With COVID-19 prohibiting many events from taking place in 2020 and changing how families experienced trick-or-treating, the vast majority of parents wanted their children to have a positive Halloween experience, with a focus on candy.
“Parents thought it was important for their kids to participate in trick-or-treating events, but they didn’t know how to do it safely,” said Patty Fishman, vice president of GM/HBC at UNFI. “For children, Halloween is all about the candy and with only 58 percent of families participating in trick-or-treat activities, parents made sure to stock up in advance.”
At the end of the 2020 season, candy sales were only down 0.1% as consumers found new ways and uses for all that candy. Rituals, such as purchasing candy and having it around the house months before Halloween stayed in-tact as those working from home looked to treat themselves. As Halloween drew near, consumers shifted their Halloween energy from party planning to at-home activities such as zoom parties, baking, and in-house scavenger hunts.
Looking towards 2021, while total candy sales aren’t expected to increase for the season, experts agree there will be an early rush.
“Consumers are expecting this year to be different than last and their excitement level will be higher when they see those bags of candy on the shelves. We’re anticipating Halloween candy sales in the early months of promotion will increase by 13 percent this year,” said Fishman.
With so much expected energy, Fishman says it’s important for retailers to be aware of the Halloween seasons to make sure there are properly prepared for the demand.
The Spark: This first step takes place in the June-July timeframe when Halloween candy makes its first appearance on store shelves. Consumers want their first taste and children start thinking about picking out the perfect Halloween costume.

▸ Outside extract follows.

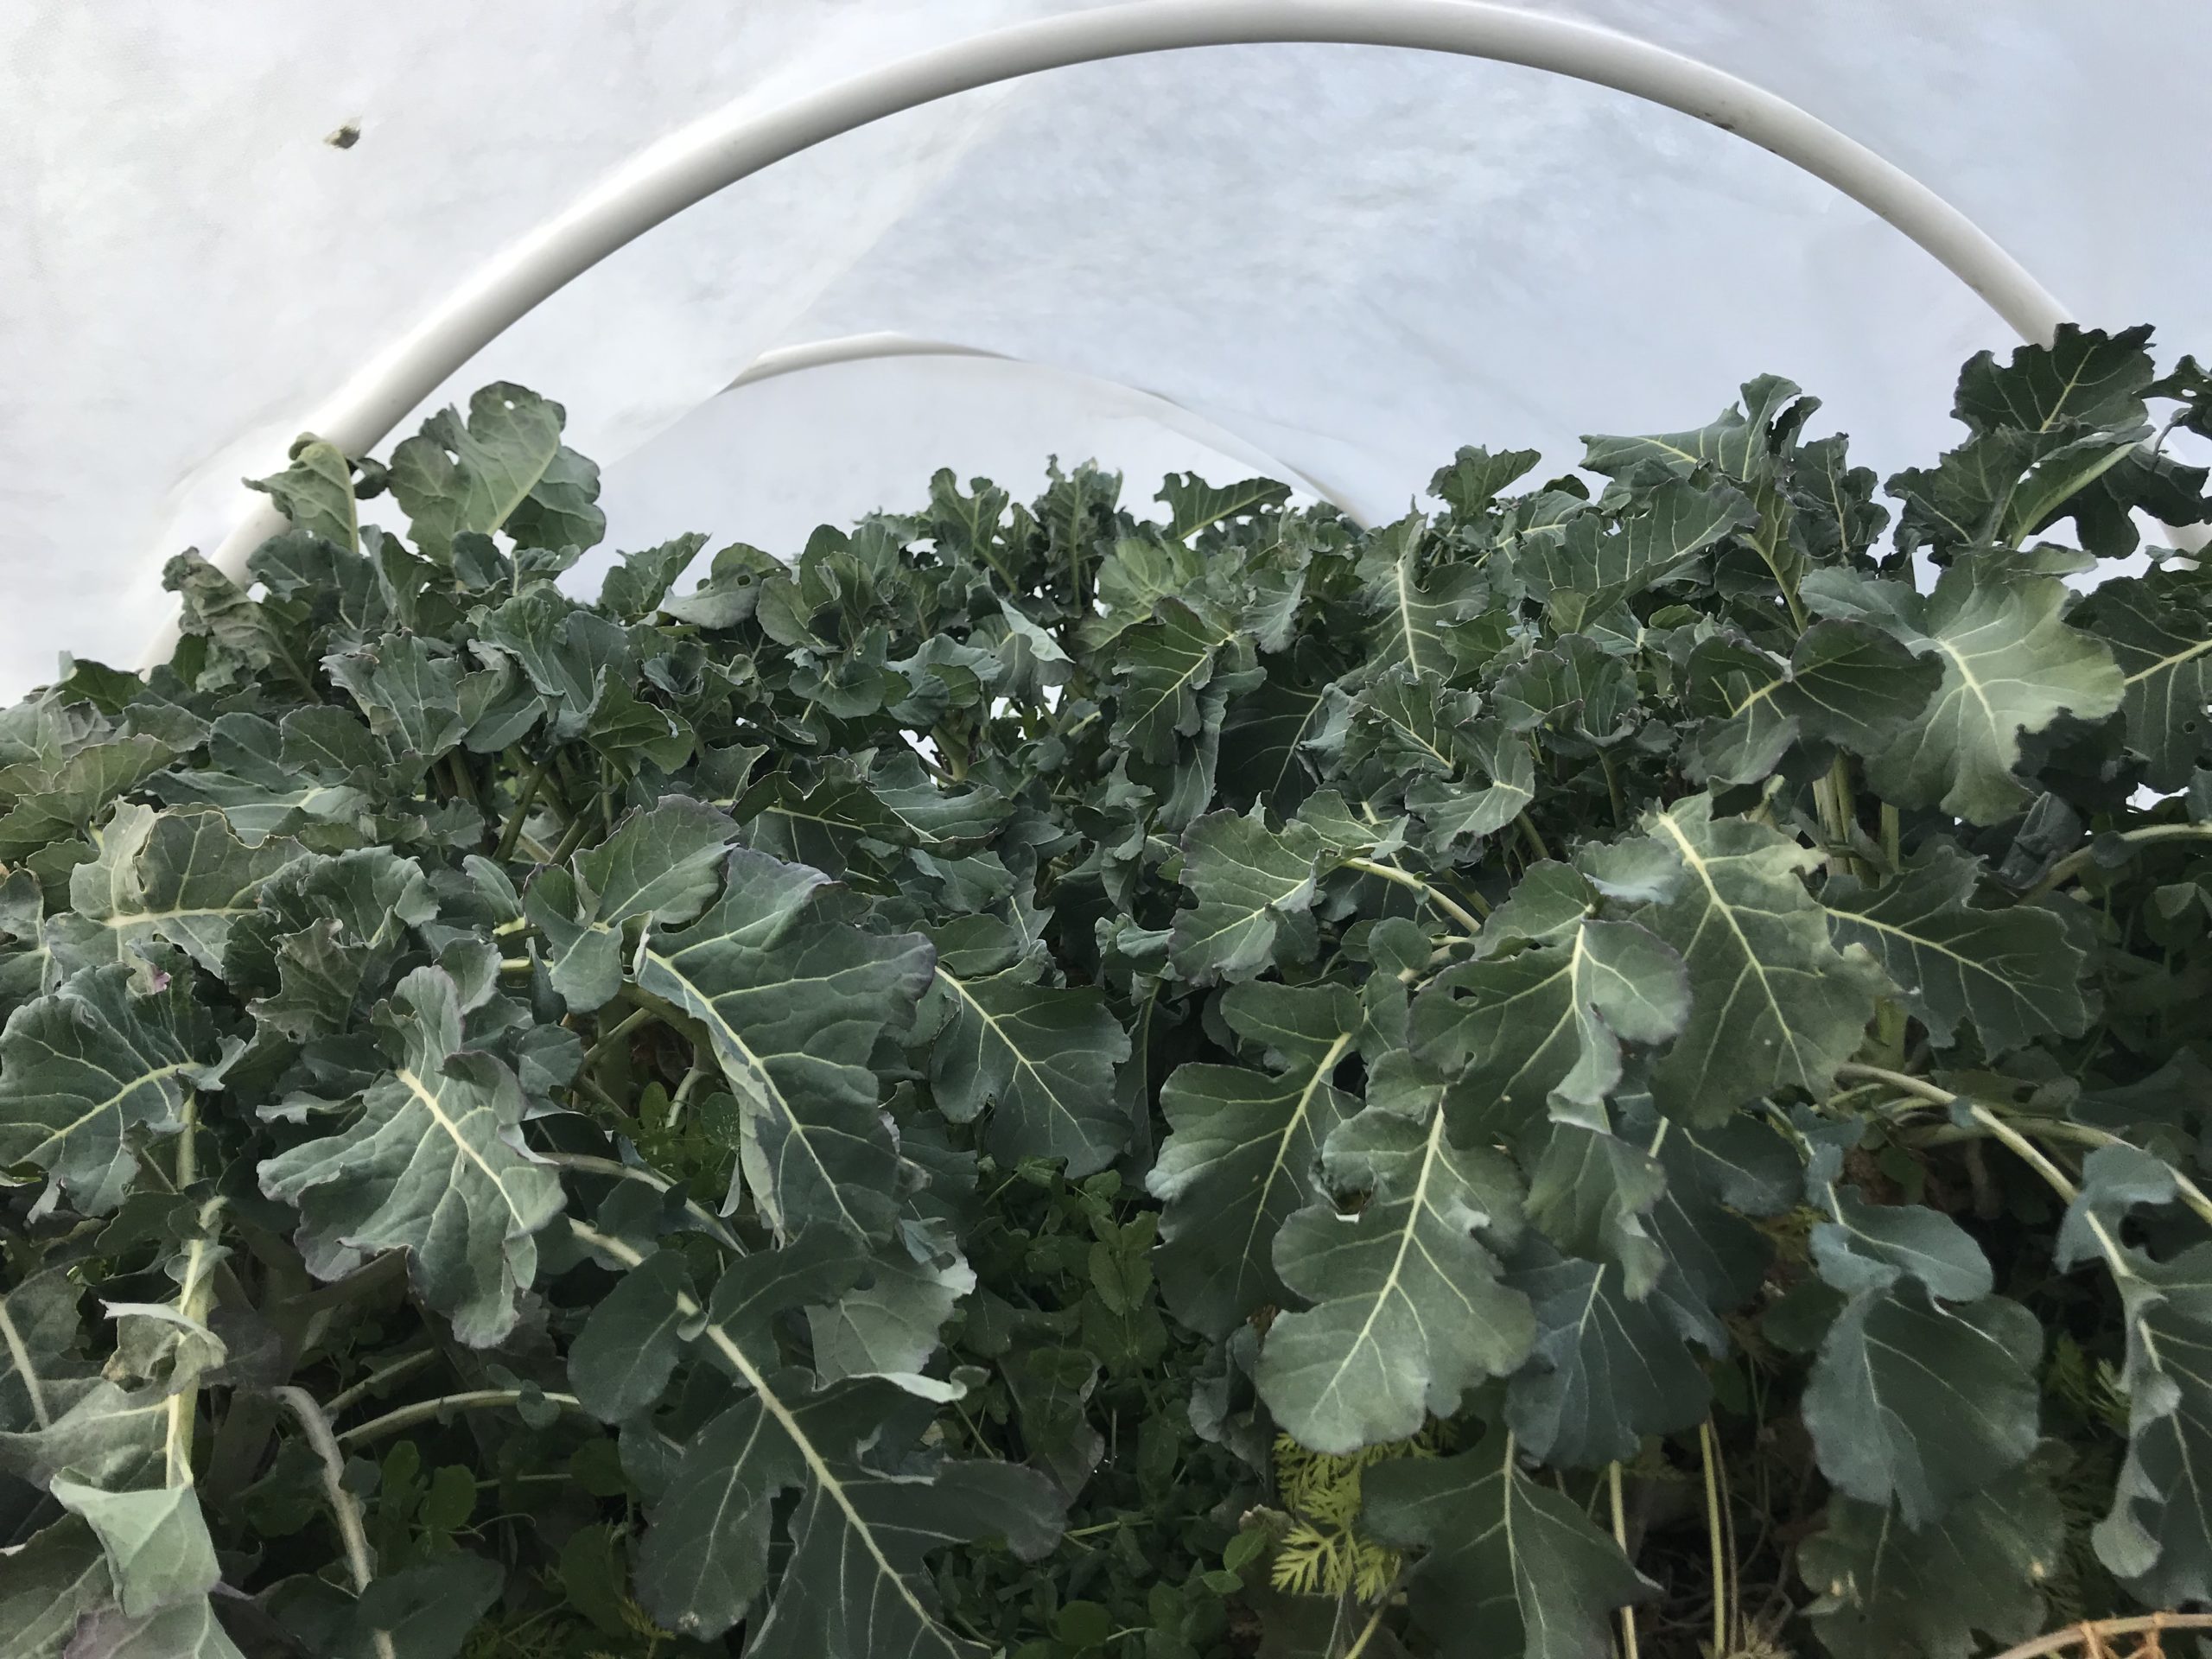 shows the large leafy sprouting broccoli plants under a low tunnel

The Exploration: As the summer months wrap up and the calendar flips to September, consumers start thinking about what’s top of mind and the trending new items this year. Thoughts about hosting or going to a Halloween party begin and consumers look for those true items that never fail, such as party decorations, party favors, and best costume awards.

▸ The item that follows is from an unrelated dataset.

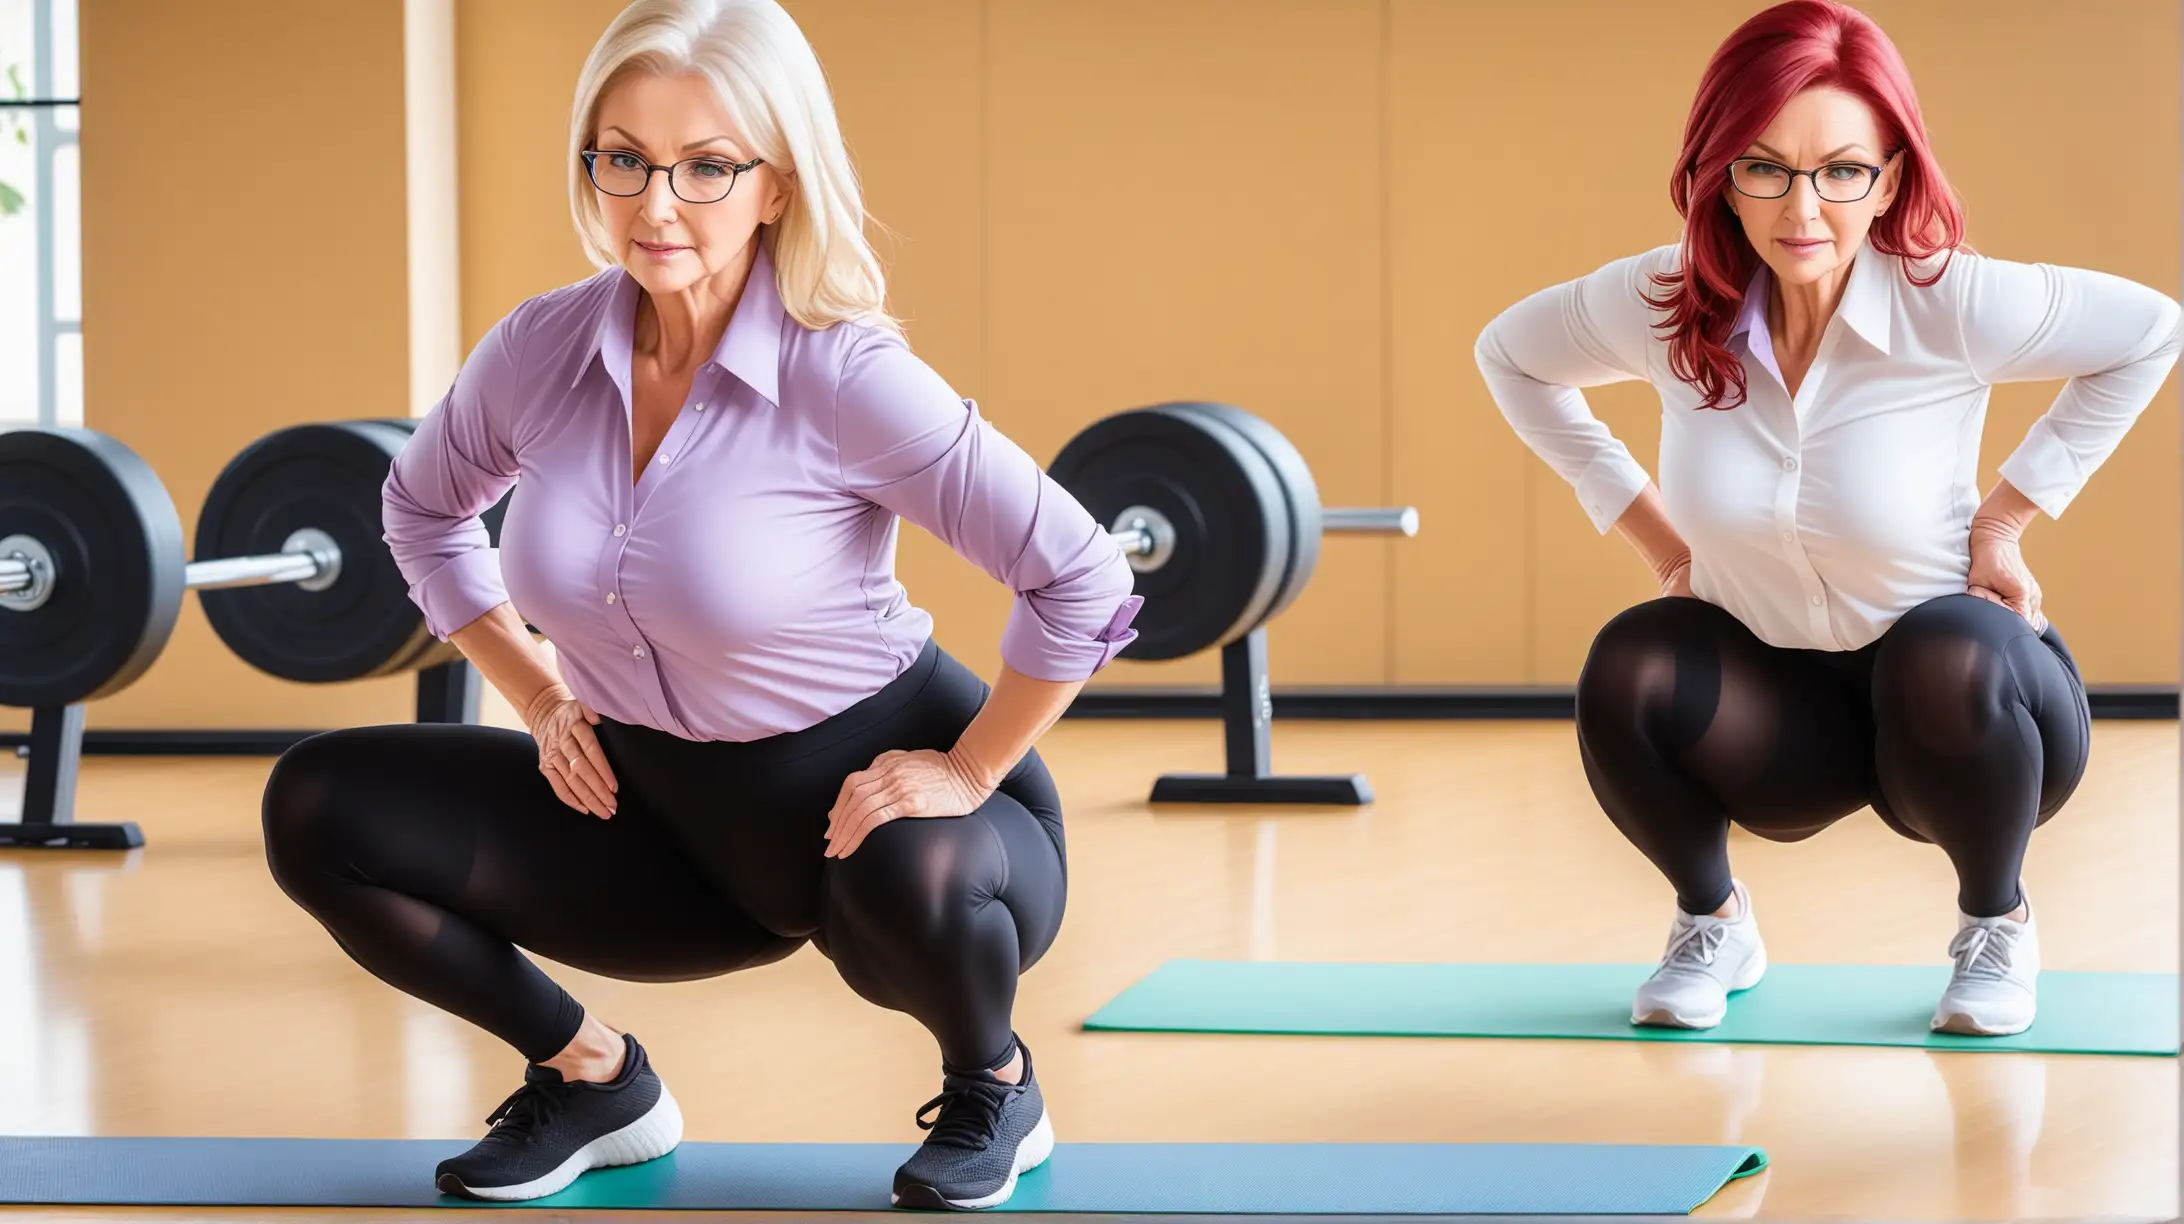 Mature, Blonde Woman, White Untucked Button Shirt, Black Tights, Hands on Hips, back Straight, squatting down to Exercise With a Mature, Red Haired Woman, Glasses, Purple untucked Button Down Shirt, Tight Black Leggings, back straight, squatting down in rhythmic exercise.

The Plan: In mid-September outdoor activities start to ramp up, especially visits to the local pumpkin patch. Shoppers are now firmly in the fall season and looking for caramel covered apples and other special treats at their local grocer.
The Rush: Halloween is just around the corner and reality starts to set in. The scary movies are running non-stop, children are excited about school parties and planning their trick-or-treat route. At the same time, the bags of candy at the local store start to get bigger and consumers are getting excited for Halloween day.
The Big Event: It’s a day or two before Halloween, the costumes have been selected, the invites for the party have been sent out and like many other major holidays, there are a few missing items and consumers head back to the stores for those last minute items.
“This year is going to be different as more people attend parties and participate in trick-or-treating and retailers have to get product on the shelves early,” said Fishman.